Most companies practice risk management, but it's not very common for companies to have all the elements of what COSO defines as an effective ERM framework. For example, there are some that might not really relate risks to their business objectives. They might not have set forth an established risk appetite or risk tolerances, or a portfolio view of risk.

Does a company need to apply the entire framework to benefit from ERM?

There are principles set forth in the ERM framework that need to be in place in order for a company to have what is defined as an "effective" ERM process. I do think, however, that many companies take significant steps to manage their risks without having what the COSO framework defines as ERM.

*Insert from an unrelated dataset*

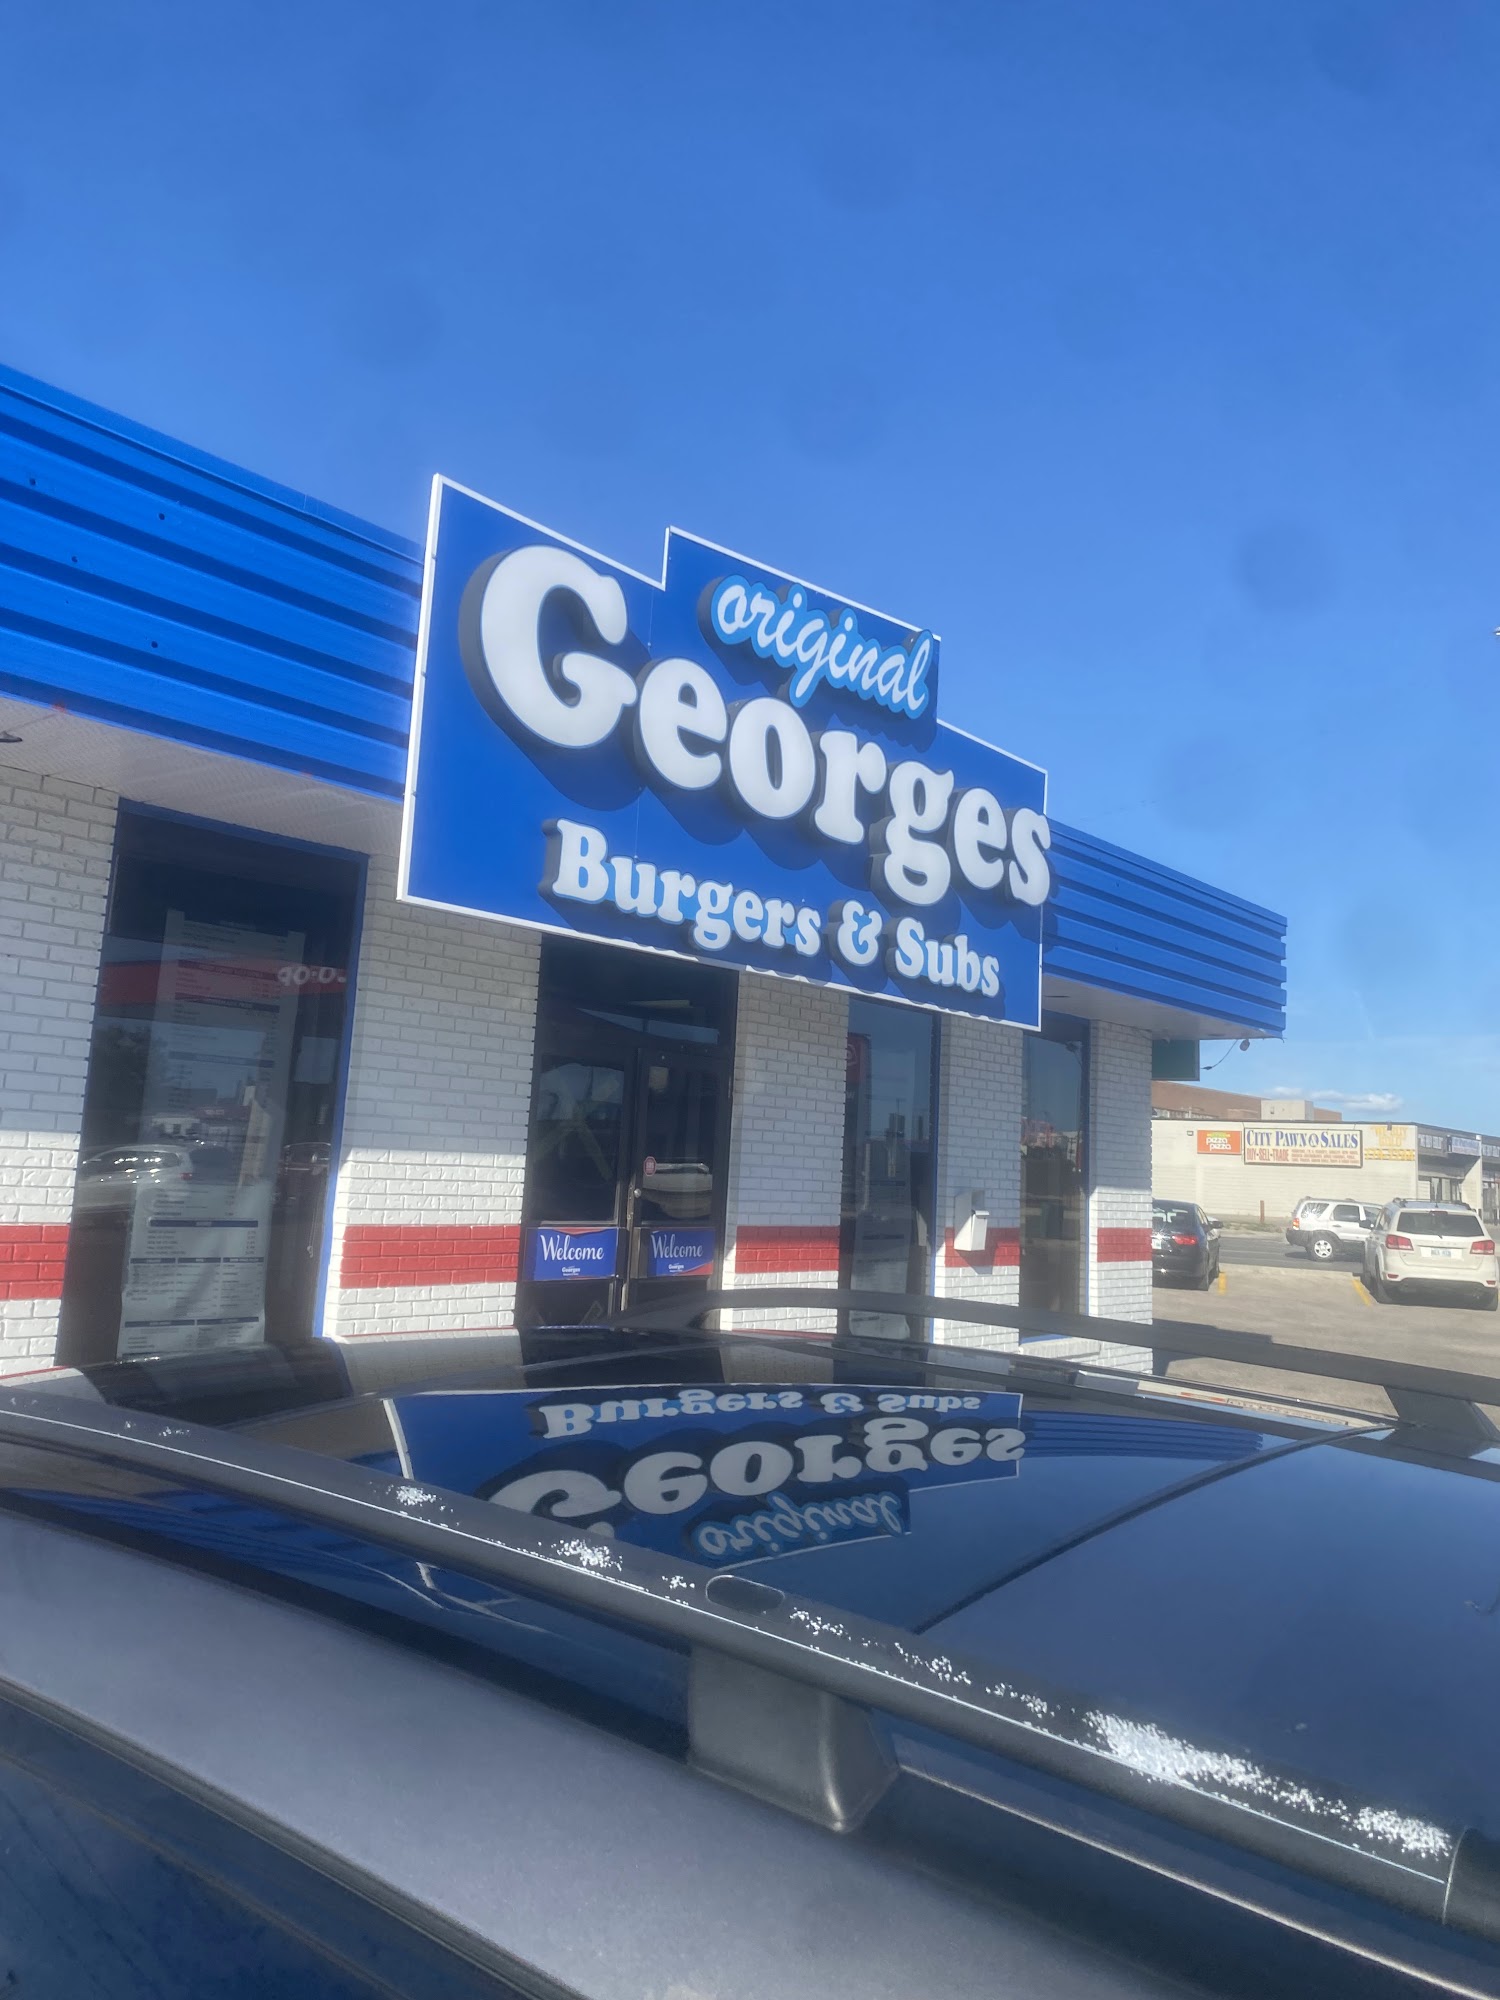 Georges burgers and subs mcphillips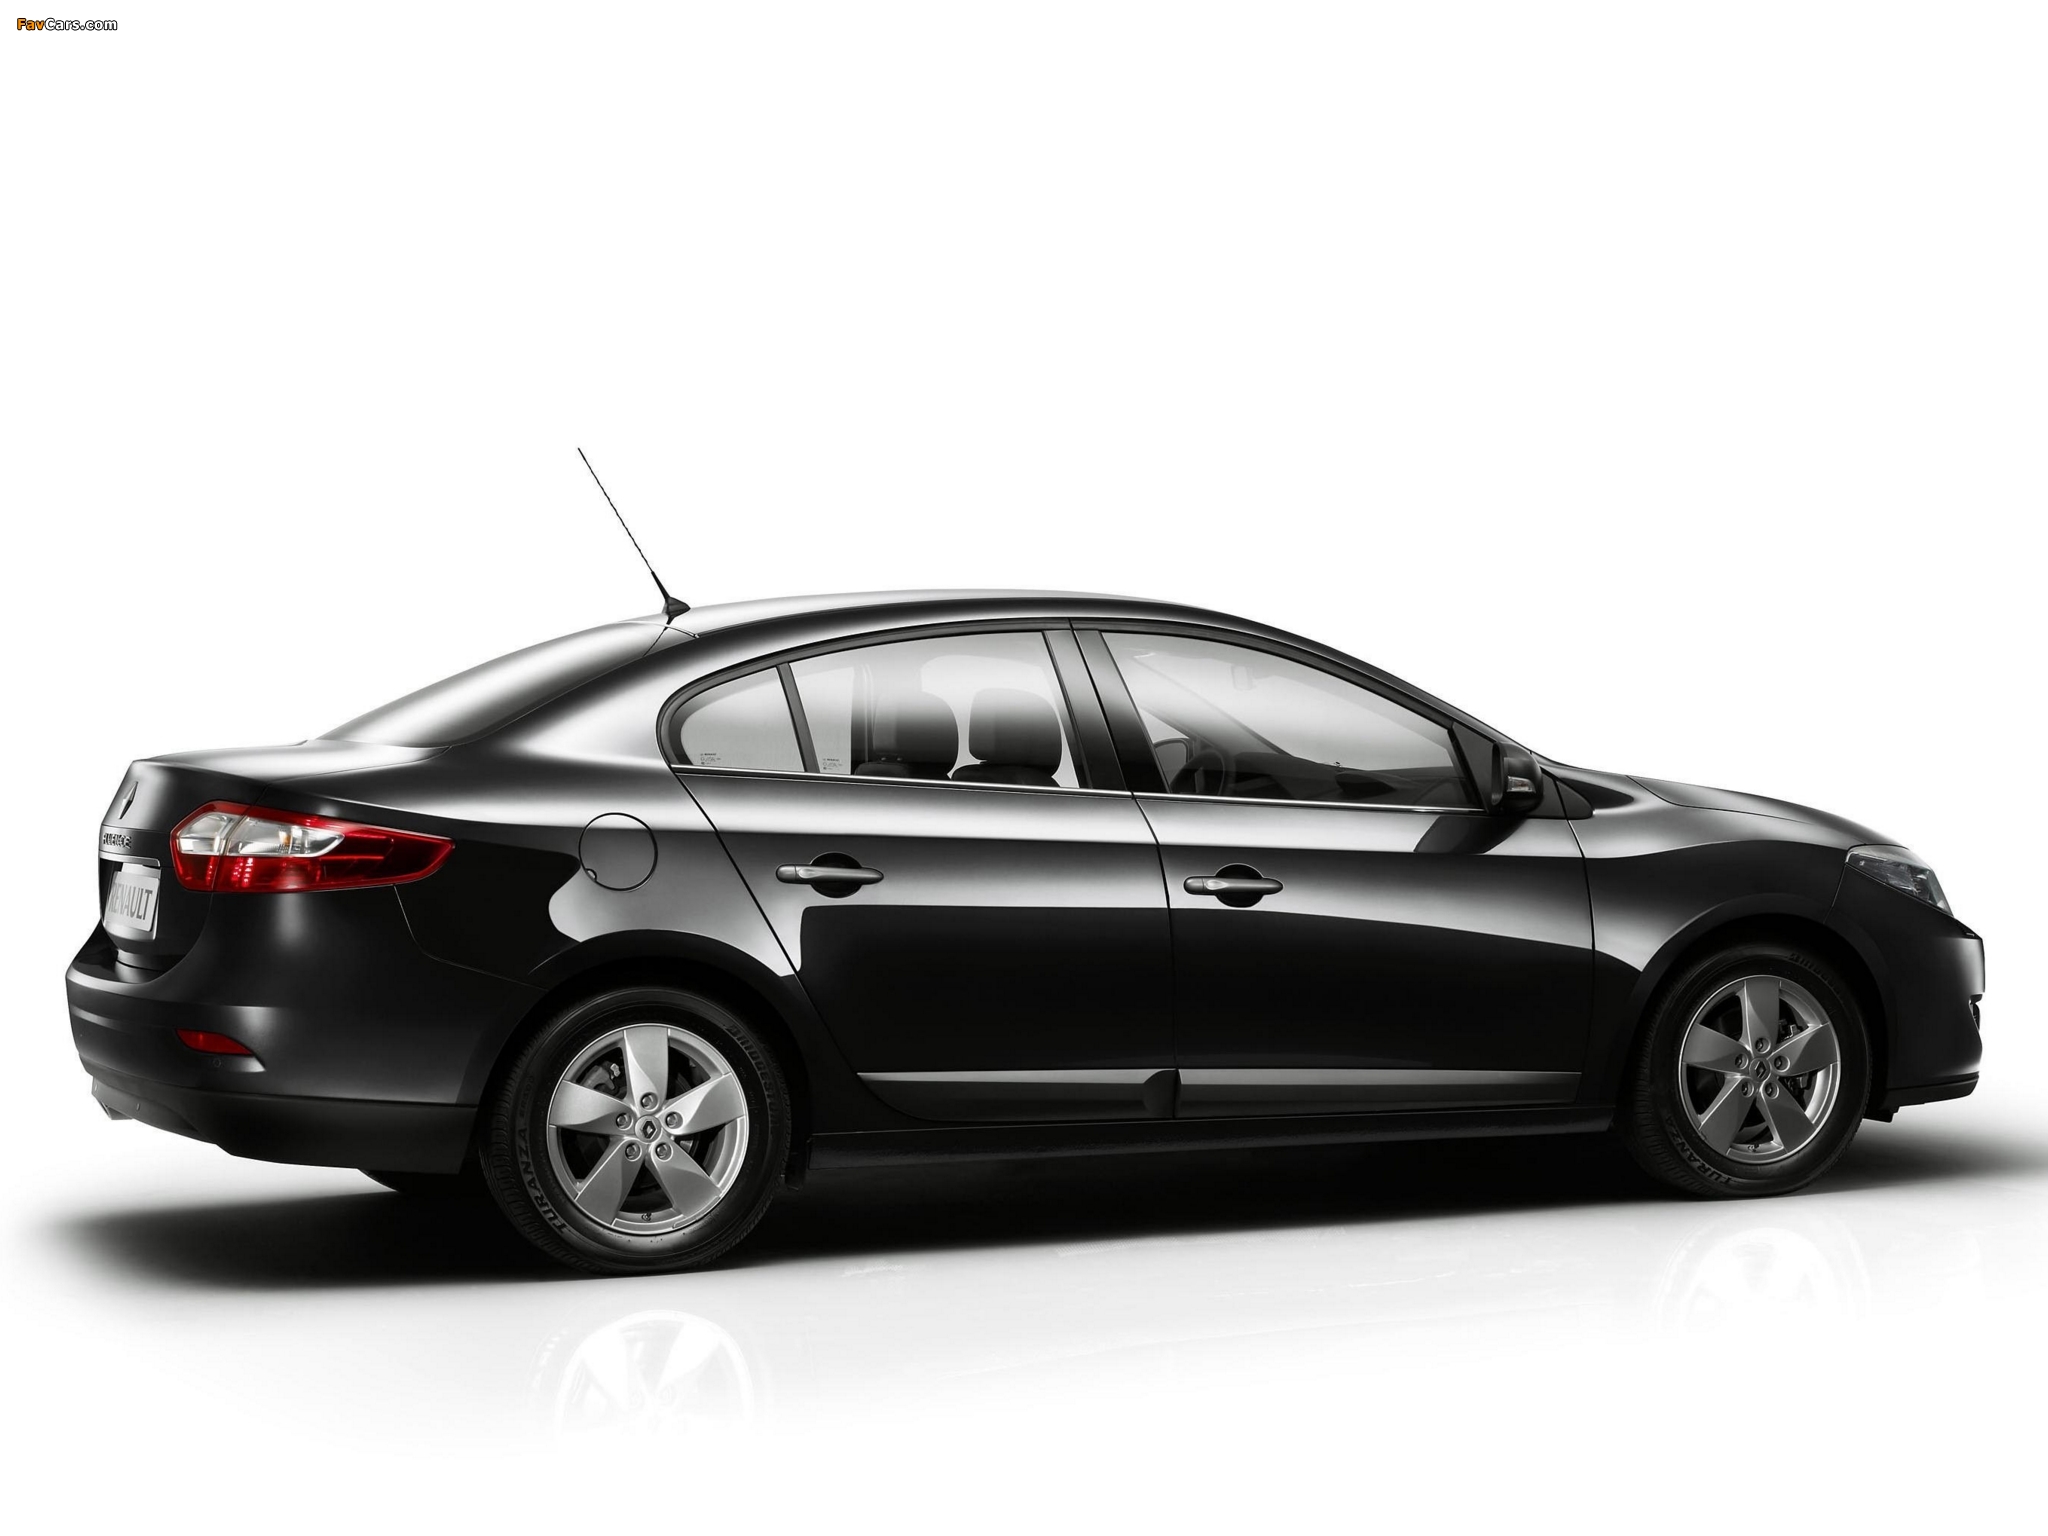 Renault Fluence 2009 pictures (2048 x 1536)

In some instances, companies' risk management processes have served them well, but in other cases they have not. For example, we saw major banks in 2007 not focusing sufficiently on what are called "black swans," thereby missing what were considered unlikely events that indeed resulted in having a major negative impact on those organizations.

One of the challenges of implementing a comprehensive ERM program is what a colleague of mine calls "blank-stare syndrome." No matter how hard we try, ERM is an awful lot for folks to take in because there are so many moving parts. How do we get everyone on the same page?

That is certainly a challenge, and there are no easy answers. I'd like to start with the idea that the framework is not a primer on risk management. It's aimed at business people with some background in managing business risk. The executive summary may be helpful to boards of directors who provide oversight to get a sense of what's involved in ERM. But the framework does not attempt to take the place of what's obtained through experience, education and training.